Published online Dec 20, 2023. doi: 10.5493/wjem.v13.i5.115
Peer-review started: August 31, 2023
First decision: October 9, 2023
Revised: October 19, 2023
Accepted: October 30, 2023
Article in press: October 30, 2023
Published online: December 20, 2023
Processing time: 109 Days and 15 Hours
In clinical settings, compared with patients with other causes of acute pancreatitis (AP), those with hypertriglyceridemia-induced acute pancreatitis (HTG-AP) commonly suffer from severe acute pancreatitis; therefore, it is critical to identify severe HTG-AP early. However, current clinical scoring systems and biochemical parameters are not efficient for predicting HTG-AP severity.
Red cell distribution width (RDW) may be closely associated with the mortality of patients with AP. Meanwhile, clinical application of the bedside index for severity in acute pancreatitis (BISAP) is limited by its low sensitivity. Therefore, new parameters or scoring systems are warranted for determining HTG-AP severity early.

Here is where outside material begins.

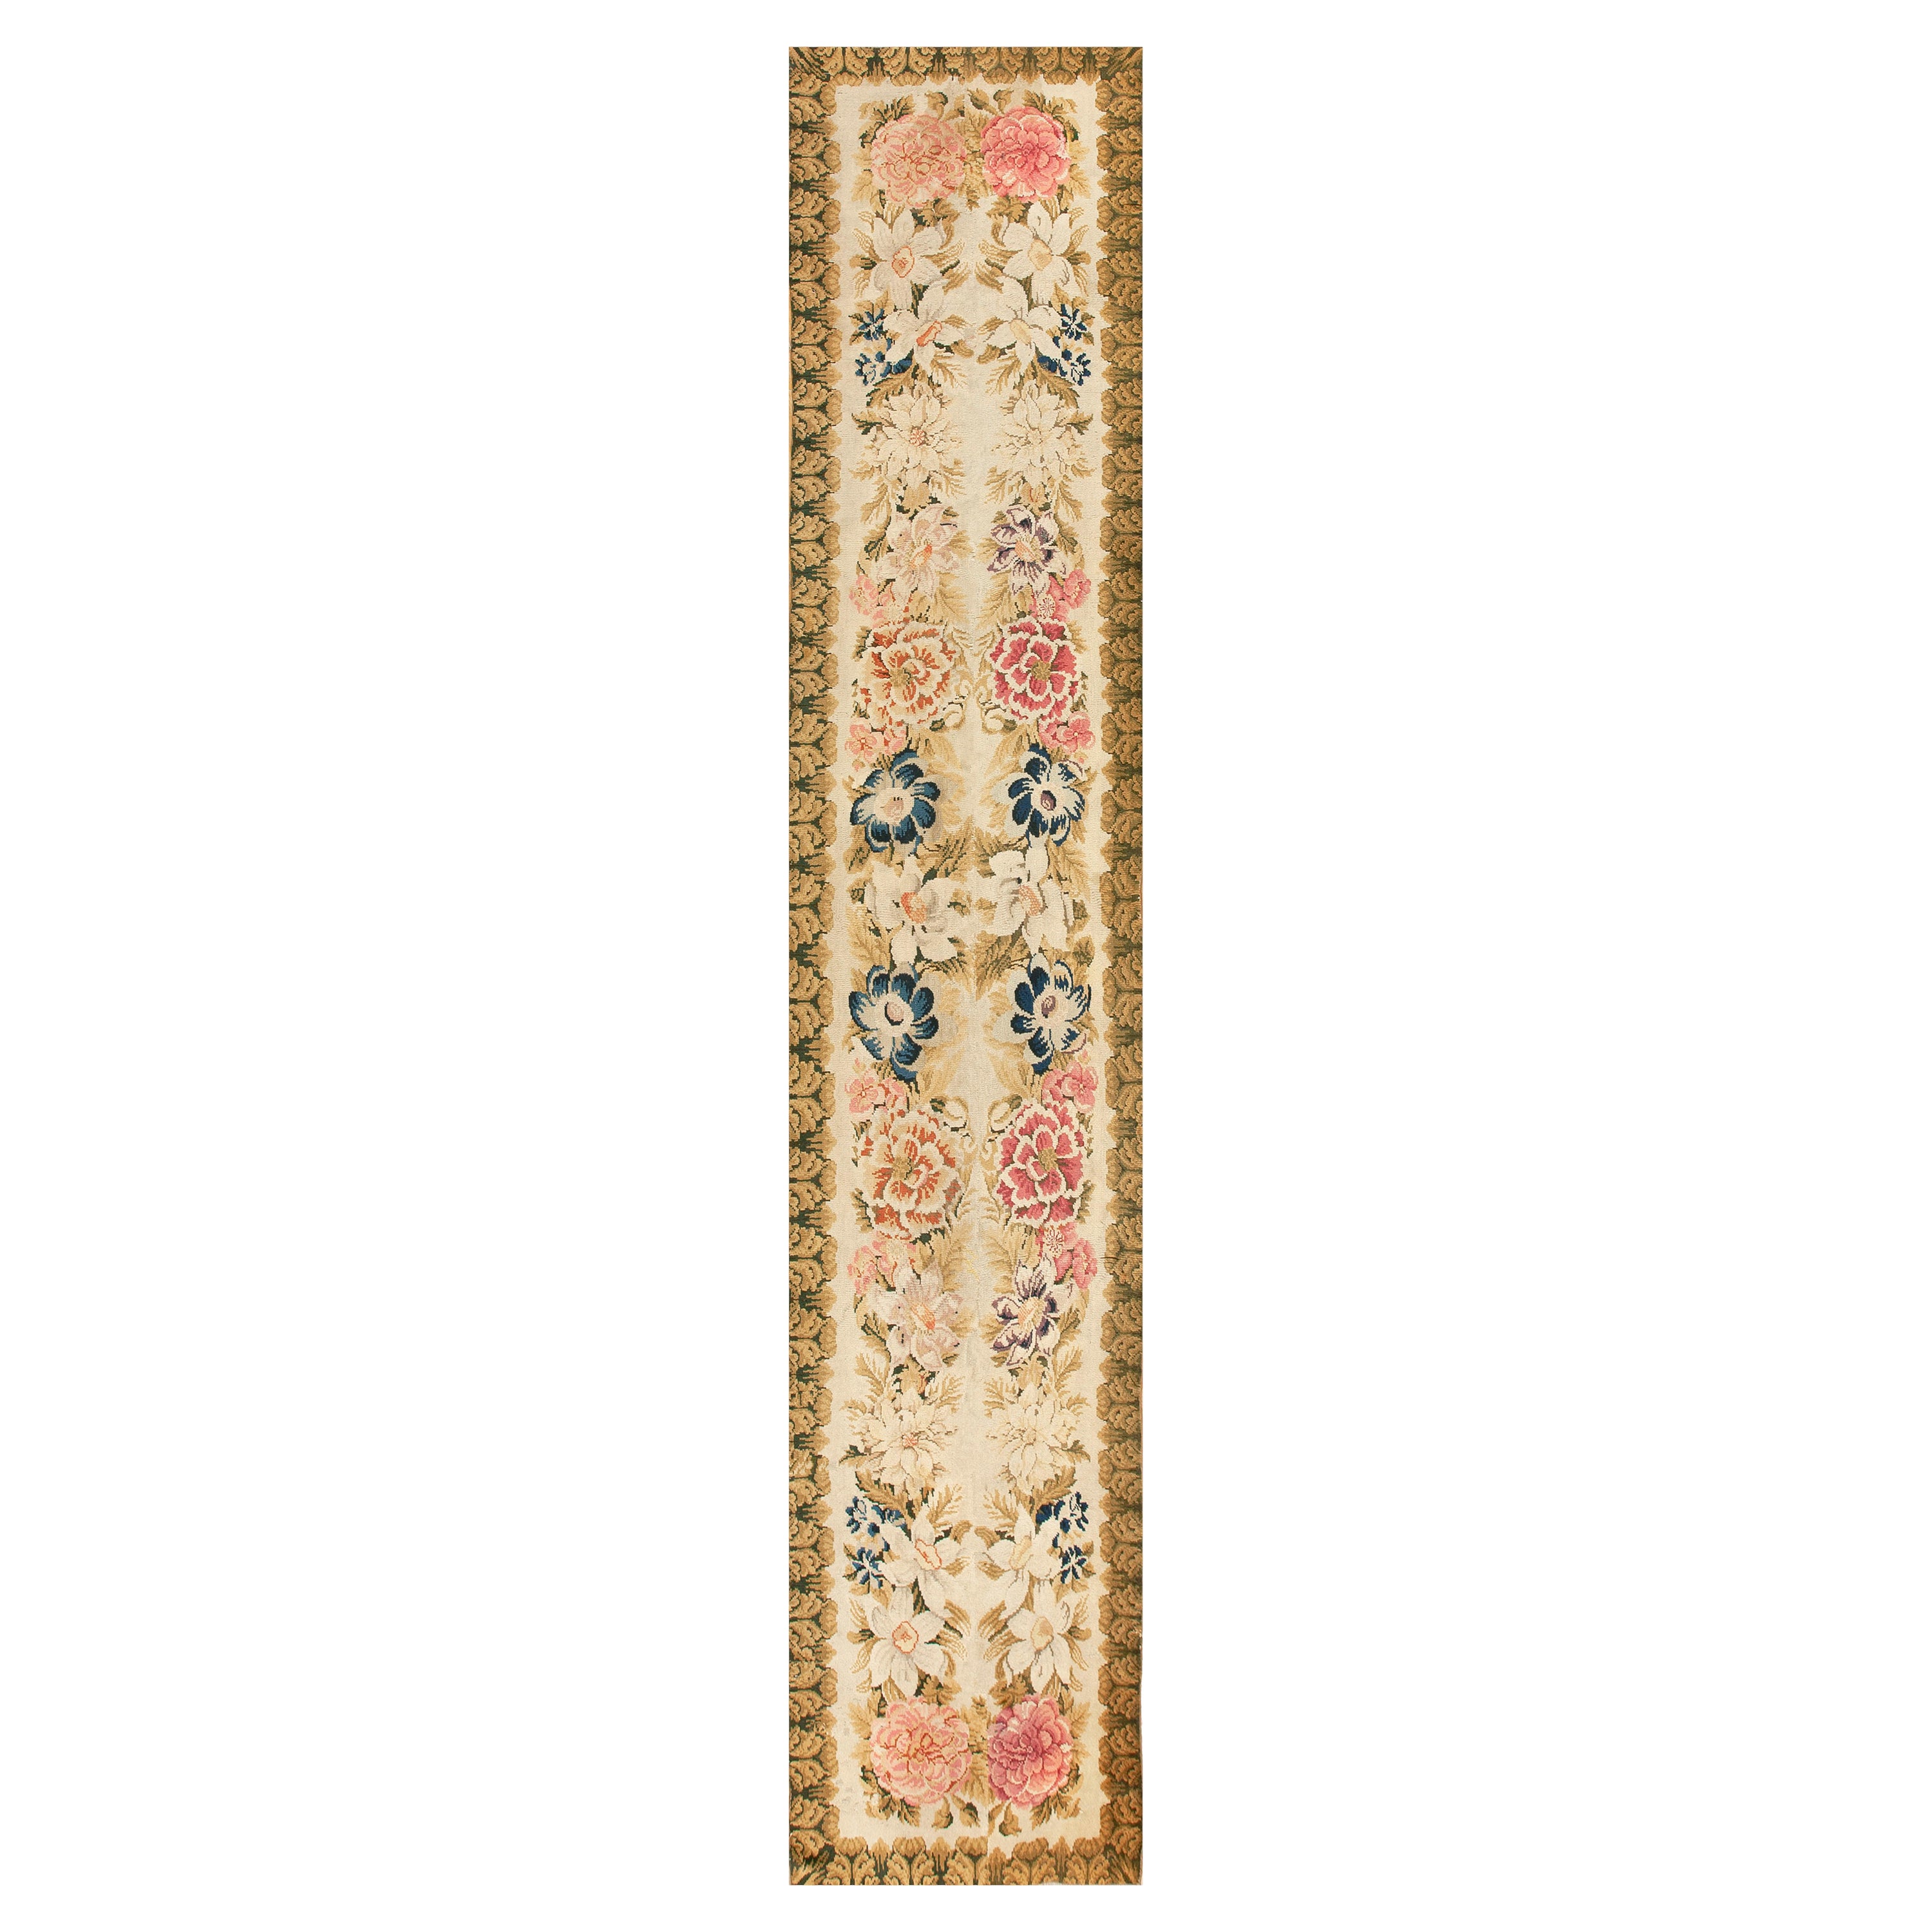 Tapis Axminster anglais du milieu du 18ème siècle ( 3''4"" x 17''4"" - 102 x 528 cm ) en vente

To determine whether RDW can be used as a potential biomarker for predicting POF in HTG-AP.
We explored the relationship between RDW and POF in patients with HTG-AP and determined the cutoff value of RDW using ROC analysis. BISAP plus RDW improved the suboptimal sensitivity of BISAP when RDW was ≥ 13.1% and one point was added to the BISAP.
On admission, RDW was significantly higher in patients with HTG-AP and POF. Compared with BISAP and Ranson criteria, BISAP plus RDW had a higher accuracy for predicting POF in HTG-AP patients.
BISAP plus RDW exhibited a promising predictive value for POF in HTG-AP patients, despite its low specificity.
The combination of BISAP and other indicators may better predict HTG-AP severity. However, additional large-scale, multicenter prospective studies are required to verify the results.